Question :
A student bought 8 packets of crisps to eat and decided to weigh each packet. They discovered that 5 of them weighed less than the "average contents 25g" stated on the packet.
Is this significant at the 5% level?
Comment on the suitability of the test.
working
Assume that $P(x < \text{average}) = P(x > \text{average})$ for a packet.
This gives $p = 0.5$ , and $\hat{p} = \frac{5}{8} = 0.625$.
$\sigma = \sqrt{0.5 \times 0.5} = 0.5$
Standard error, $SE = \frac{\sigma}{\sqrt{n}} = \frac{0.5}{\sqrt{8}} \approx 0.177$
Using the above I have
$z = \frac{\frac{5}{8} - \frac{1}{2}}{0.177} = \frac{\frac{1}{8}}{0.177} = 0.706 \approx 0.71$.
Looking up this value in the table gives
$z = 0.2389$
Which is not less than $0.05$, so we don't reject $H_0$ in this case (at a $5\%$ significance level)
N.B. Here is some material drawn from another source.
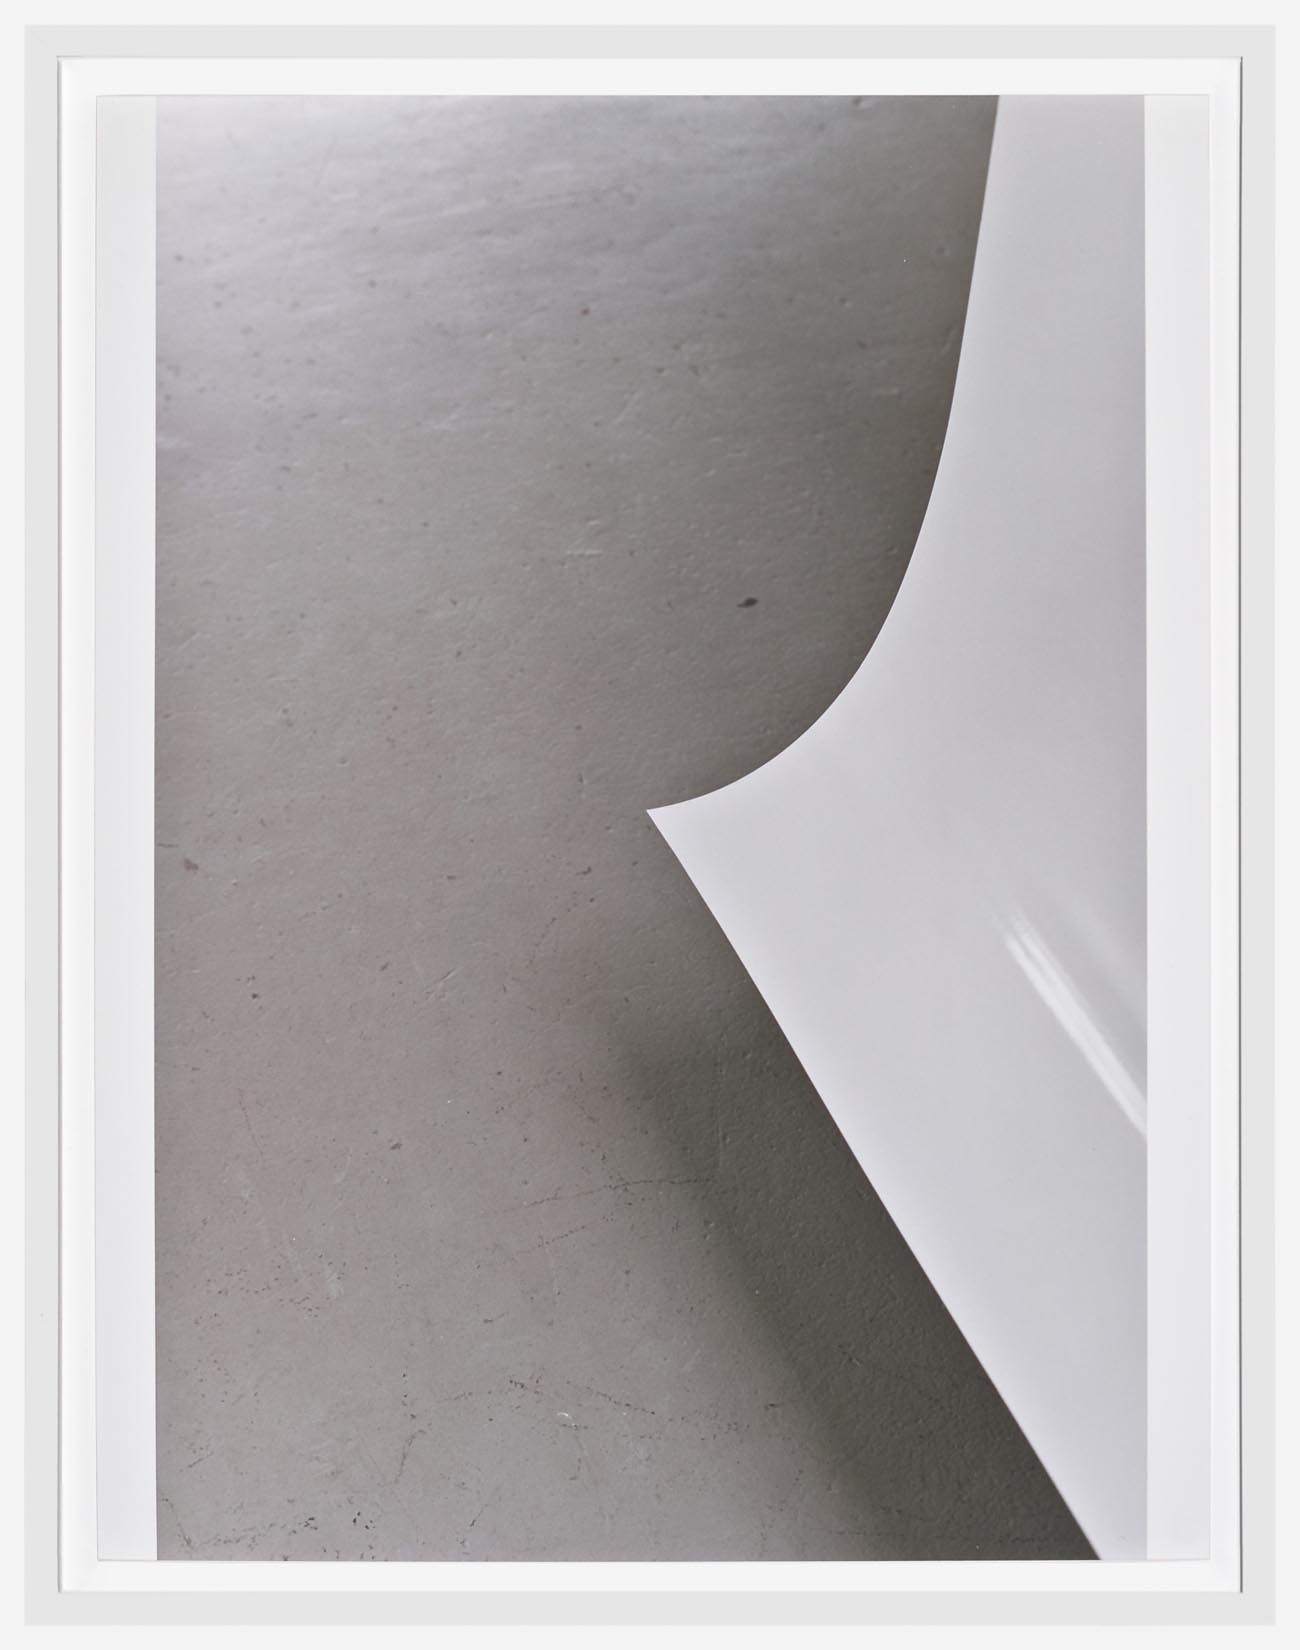     Wolfgang Tillmans Paper Drop (White) B 2004 c-prints 44 x 33.9 cm 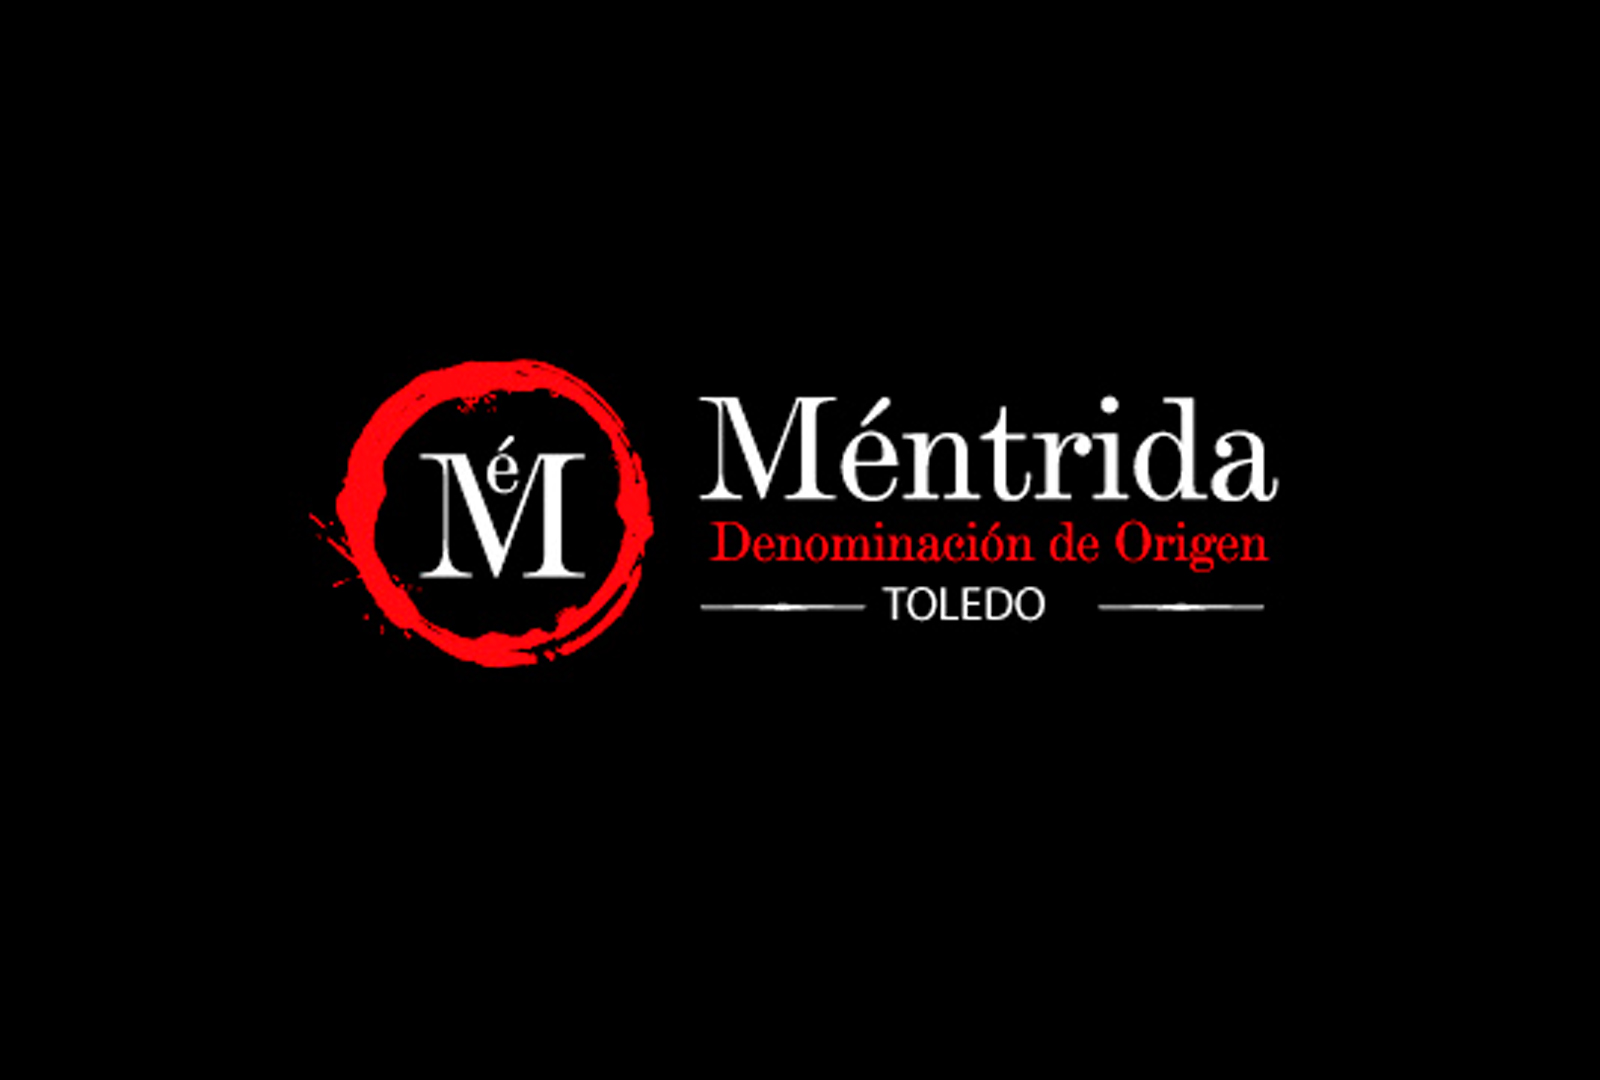 13 bodegas de la DO Méntrida participan en la Fiesta de la Vendimia - VINOS DIFERENTES

The suitability of the test is questionable as the sample size is quite low. It's also not very clear what's meant by 'average' here.
binomial model
Using a binomial model instead of a $z$-test
I assume that $p = 0.5$, then I have $X \sim Bin(8, 0.5)$
To find whether the value of $\frac{5}{8}$ packets being underweight is significant (to a $95\%$ level) I use the model as
$$ P(X) = {n \choose x }p^x (1 - p)^{n - x} $$
As
$$ P(5) = {8 \choose 5}(0.5)^{5} (0.5)^{3} $$
Which gives $\frac{7}{32} = 0.21875$.
This is insignificant at a $5\%$ level.
The binomial test was more suitable for this situation as the values were low and easy to compute.
improvements
if the student had recorded the actual weight rather than just whether or not they were less than the given average then they would have been able to make inferences based on that data.